Currently grobidmonkey is only available in PyPI, and can be installed with

pip install grobidmonkey

Quick Start

from grobidmonkey import reader
monkeyReader = reader.MonkeyReader('monkey') # or 'lxml' or 'x2d'

# read paper outline
outline = monkeyReader.readOutline('/path/to/your/paper.pdf.tei.xml')

# read paper content
essay = monkeyReader.readEssay('/path/to/your/paper.pdf.tei.xml')

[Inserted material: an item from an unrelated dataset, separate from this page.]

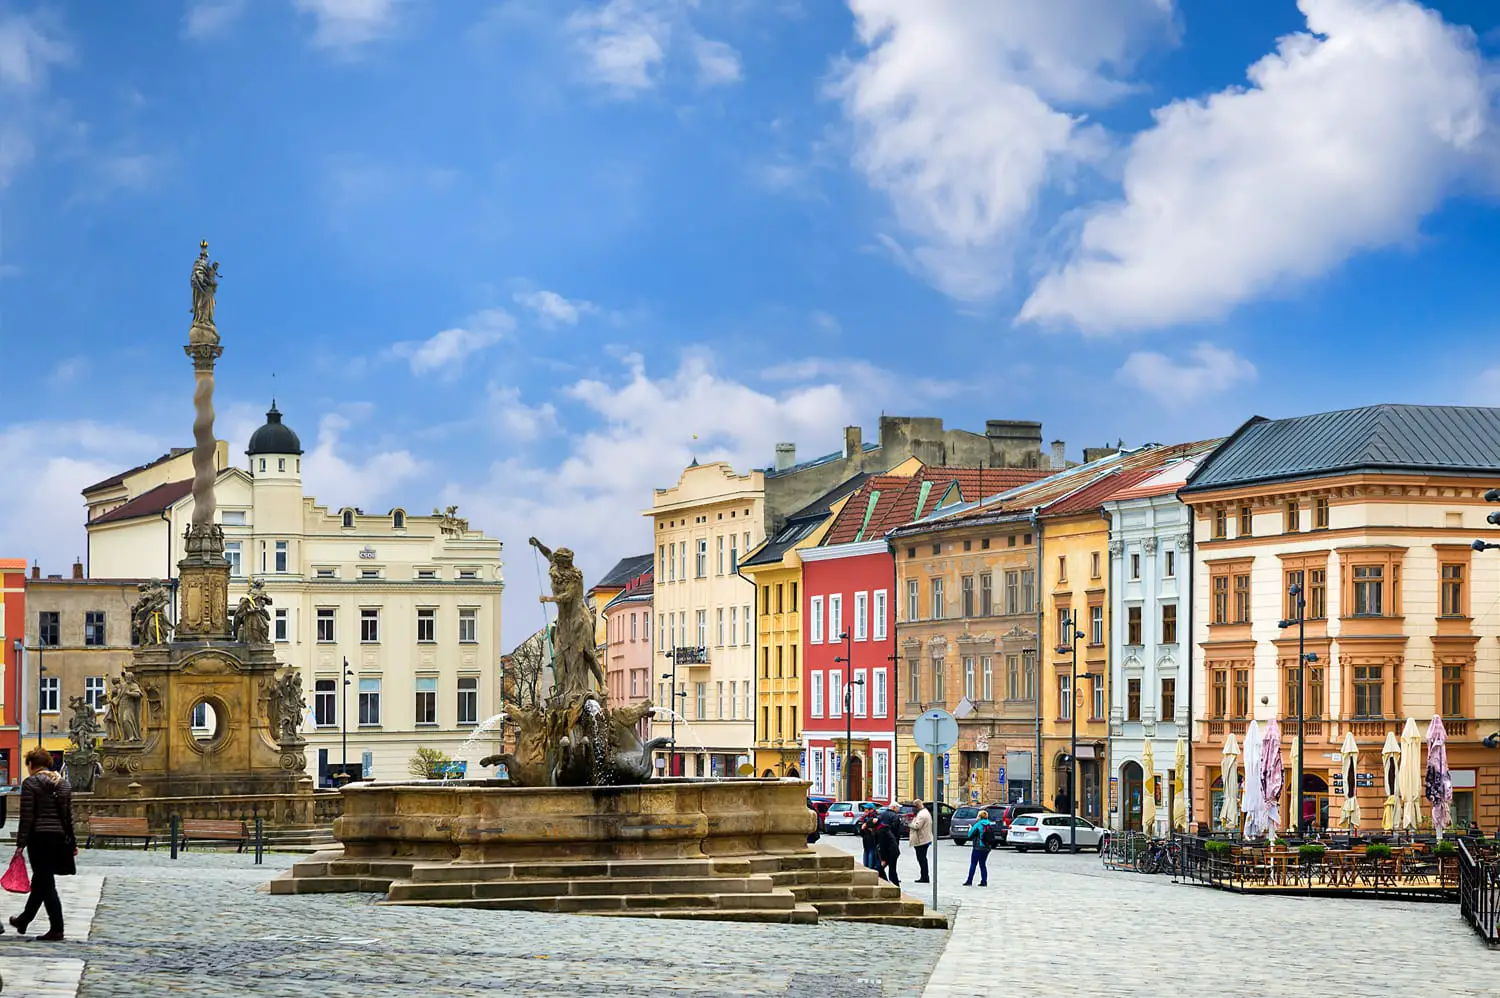 Ιστορικά αξιοθέατα του Όλομουτς στην Τσεχία.

For detailed explanantion and tutorial, please check the Document page.

Contirbution

We welcome all contributions, whether they involve code, documentation, or testing, feel free to reach out to me via email at com3dian@outlook.com.

Icon

Gorbidmonkey's icon is a walking monkey.

                  $$                                                                   
           $$$$$$$$$$$$$$$$$$                              $$$$$$
       $$$$$$$$$$$$$$$$$$$$$$$$$$$$$$$                    $$$$$$$$$$                       
    $$$$$$$$                $$$$$$$$$$$$$$$$$$$$$$$$$$$$$$$$$$$$$$             
   $$$$$$                          $$$$$$$$$$$$$$$$$$$$$$$$$$$           
  $$$$$$                                   $$$$$$$$$$$$                             
 $$$$$$                                                              
 $$$$$$                                                                   
 $$$$$$                                                                             
 $$$$$$                                                                    GROBIDMONKEY
 $$$$$$$                           $$$$$$$$$$$$$$$                     $$$$$$$$$$$$$$$$$$$$
 $$$$$$$                   $$$$$$$$$$$$$$$$$$$$$$$$$$$$$$$$          $$$$$$$$$$$$$$$$$$$$$$$
  $$$$$$$$          $$$$$$$$$$$$$$$$$$$$$$$$$$$$$$$$$$$$$$$$$$$$    $$$$$   $$$$$$$$     $$
    $$$$$$$$$$$$$$$$$$$$$$$$$$$$$$$$$$$$$$$$$$$$$$$$$$$$$$$$$$$$$$$$$$$$  $$$$$$      $$  $
      $$$$$$$$$$$$$$$$$$$$$$$$$$$$$$$$$$$$$$$$$$$$$$$$$$$$$$$$$$$$$$$$$$ $$$$$$$$          $$
          $$$$$$$$$$$$$$$$$$$$$$$$$$$$$$$$$$$$$$$$$$$$$$$$$$$$$$$$$$$$$$$$$$$$$$$$$$$     $$$$
              $$$$$$$$$$$$$$$$$$$$$$$$$$$$$$$$$$$$$$$$$$$$$$$$$$$$$$$$$$$$$$$$$$$$$$$$$$$$$$$
               $$$$$$$$$$$$$$$$$$ $$$$$$$$$$$$$$$$$$$$$$$$$$$$$$$$$$$$$$    $$$$$$$$$$$$$$$
                 $$$$$$$$$$$$$$$$    $$$$$$$$$$$$$  $$$$$$$$$$$$$$$$$$$         $$$$$$$
                  $$$$$$$$$$$$$$$       $$$$$$$$$  $$$$$$$$$$$$$$$$$  
            $$$$$  $$$$$$$$$$$$$$                 $$$$$$$$$$$$$$$$   $$$$
        $$$$$$$$$$$  $$$$$$$$$$$$               $$$$$$$$$$$$$$$$  $$$$$$$
    $$$$$$$$$$$$$$$$ $$$$$$$$$$$$             $$$$$$$$$$$$$$   $$$$$$$$$$
 $$$$$$$$$$$$$$$$$  $$$$$$$$$$$             $$$$$$$$$$$$$    $$$$$$$$$$$
$$$$$$$$$$$        $$$$$$$$$$              $$$$$$$$$$        $$$$$$$$$$$
$$$$$$$            $$$$$$$$$               $$$$$$$$            $$$$$$$$$$
 $$$$$            $$$$$$$$$                $$$$$$$              $$$$$$$$$
 $$$$$$          $$$$$$$$                 $$$$$$$$                $$$$$$$$$
 $$$$$$          $$$$$$$$                $$$$$$$$                 $$$$$$$$$
 $$$$$$          $$$$$$$$              $$$$$$$$$                    $$$$$$$$
 $$$$$           $$$$$$$$$            $$$$$$$$$                       $$$$$$$$
                  $$$$$$$$$$        $$$$$$$$$                           $$$$$$$$
                    $$$$$$$$$$$$$$$$$$$$$$                                $$$$$$$$$$$$$$$$$$$
                         $$$$$$$$$$$                                           $$$$$$$$$$$$$$

About GROBID

GROBID means GeneRation Of BIbliographic Data.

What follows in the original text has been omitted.